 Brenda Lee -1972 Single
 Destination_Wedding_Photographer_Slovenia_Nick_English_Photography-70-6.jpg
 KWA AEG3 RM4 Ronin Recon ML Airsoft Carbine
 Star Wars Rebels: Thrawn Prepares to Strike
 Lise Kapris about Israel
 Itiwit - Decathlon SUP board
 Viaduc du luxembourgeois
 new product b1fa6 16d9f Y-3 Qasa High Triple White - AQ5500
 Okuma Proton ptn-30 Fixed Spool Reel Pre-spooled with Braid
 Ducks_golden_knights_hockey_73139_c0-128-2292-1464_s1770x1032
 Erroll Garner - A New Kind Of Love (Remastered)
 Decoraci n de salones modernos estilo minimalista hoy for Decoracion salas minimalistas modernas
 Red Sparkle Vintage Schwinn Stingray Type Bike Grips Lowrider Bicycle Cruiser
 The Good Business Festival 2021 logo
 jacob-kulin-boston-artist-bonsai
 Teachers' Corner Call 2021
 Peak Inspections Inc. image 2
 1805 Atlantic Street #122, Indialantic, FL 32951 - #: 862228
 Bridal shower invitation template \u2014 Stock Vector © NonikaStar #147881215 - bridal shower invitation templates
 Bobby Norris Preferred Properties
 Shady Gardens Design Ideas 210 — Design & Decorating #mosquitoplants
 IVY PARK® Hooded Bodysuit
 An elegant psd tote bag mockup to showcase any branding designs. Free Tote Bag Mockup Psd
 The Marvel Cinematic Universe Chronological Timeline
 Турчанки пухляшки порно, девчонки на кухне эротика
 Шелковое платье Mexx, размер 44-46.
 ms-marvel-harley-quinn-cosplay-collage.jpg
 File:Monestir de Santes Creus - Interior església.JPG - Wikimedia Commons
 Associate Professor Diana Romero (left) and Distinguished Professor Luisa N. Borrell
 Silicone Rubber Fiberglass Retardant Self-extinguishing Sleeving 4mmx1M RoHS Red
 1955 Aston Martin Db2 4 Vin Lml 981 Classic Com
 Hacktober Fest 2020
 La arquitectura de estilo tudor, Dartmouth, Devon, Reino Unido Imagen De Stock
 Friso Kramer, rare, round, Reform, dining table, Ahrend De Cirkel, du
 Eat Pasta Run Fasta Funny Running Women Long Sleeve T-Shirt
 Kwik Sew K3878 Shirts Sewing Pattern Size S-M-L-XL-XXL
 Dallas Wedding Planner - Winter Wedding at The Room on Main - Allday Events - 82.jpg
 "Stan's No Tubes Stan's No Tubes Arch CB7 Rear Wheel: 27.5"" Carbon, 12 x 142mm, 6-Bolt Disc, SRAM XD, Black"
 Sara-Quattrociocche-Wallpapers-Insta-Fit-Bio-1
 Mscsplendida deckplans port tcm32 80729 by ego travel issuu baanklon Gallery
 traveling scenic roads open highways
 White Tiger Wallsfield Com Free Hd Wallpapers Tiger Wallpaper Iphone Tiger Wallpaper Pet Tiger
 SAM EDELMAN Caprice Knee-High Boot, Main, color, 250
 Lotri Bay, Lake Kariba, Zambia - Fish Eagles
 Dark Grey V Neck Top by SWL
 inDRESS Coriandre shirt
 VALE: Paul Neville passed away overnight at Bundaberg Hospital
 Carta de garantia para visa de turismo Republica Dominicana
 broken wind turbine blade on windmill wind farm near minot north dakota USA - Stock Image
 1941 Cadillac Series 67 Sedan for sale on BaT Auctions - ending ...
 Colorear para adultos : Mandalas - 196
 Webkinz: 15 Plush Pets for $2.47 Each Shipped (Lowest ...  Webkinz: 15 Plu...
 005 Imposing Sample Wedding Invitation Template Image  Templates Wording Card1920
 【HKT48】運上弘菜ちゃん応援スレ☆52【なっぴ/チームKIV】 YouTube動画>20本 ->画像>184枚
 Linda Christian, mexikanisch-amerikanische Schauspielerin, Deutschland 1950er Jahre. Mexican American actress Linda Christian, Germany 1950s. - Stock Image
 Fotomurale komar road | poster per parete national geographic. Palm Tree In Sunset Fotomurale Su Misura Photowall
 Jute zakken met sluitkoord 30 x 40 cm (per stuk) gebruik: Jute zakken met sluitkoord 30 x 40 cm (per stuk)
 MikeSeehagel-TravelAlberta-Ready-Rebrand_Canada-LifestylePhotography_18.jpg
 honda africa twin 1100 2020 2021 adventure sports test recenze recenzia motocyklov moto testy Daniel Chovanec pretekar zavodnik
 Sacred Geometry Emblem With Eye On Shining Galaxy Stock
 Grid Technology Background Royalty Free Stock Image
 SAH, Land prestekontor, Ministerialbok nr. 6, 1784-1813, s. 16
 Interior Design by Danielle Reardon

● ● ●

• _Problem_
In the listing above, reproduce the first line and each one after it through the line that contains "Erroll Garner - A".

• _Output_
 Brenda Lee -1972 Single
 Destination_Wedding_Photographer_Slovenia_Nick_English_Photography-70-6.jpg
 KWA AEG3 RM4 Ronin Recon ML Airsoft Carbine
 Star Wars Rebels: Thrawn Prepares to Strike
 Lise Kapris about Israel
 Itiwit - Decathlon SUP board
 Viaduc du luxembourgeois
 new product b1fa6 16d9f Y-3 Qasa High Triple White - AQ5500
 Okuma Proton ptn-30 Fixed Spool Reel Pre-spooled with Braid
 Ducks_golden_knights_hockey_73139_c0-128-2292-1464_s1770x1032
 Erroll Garner - A New Kind Of Love (Remastered)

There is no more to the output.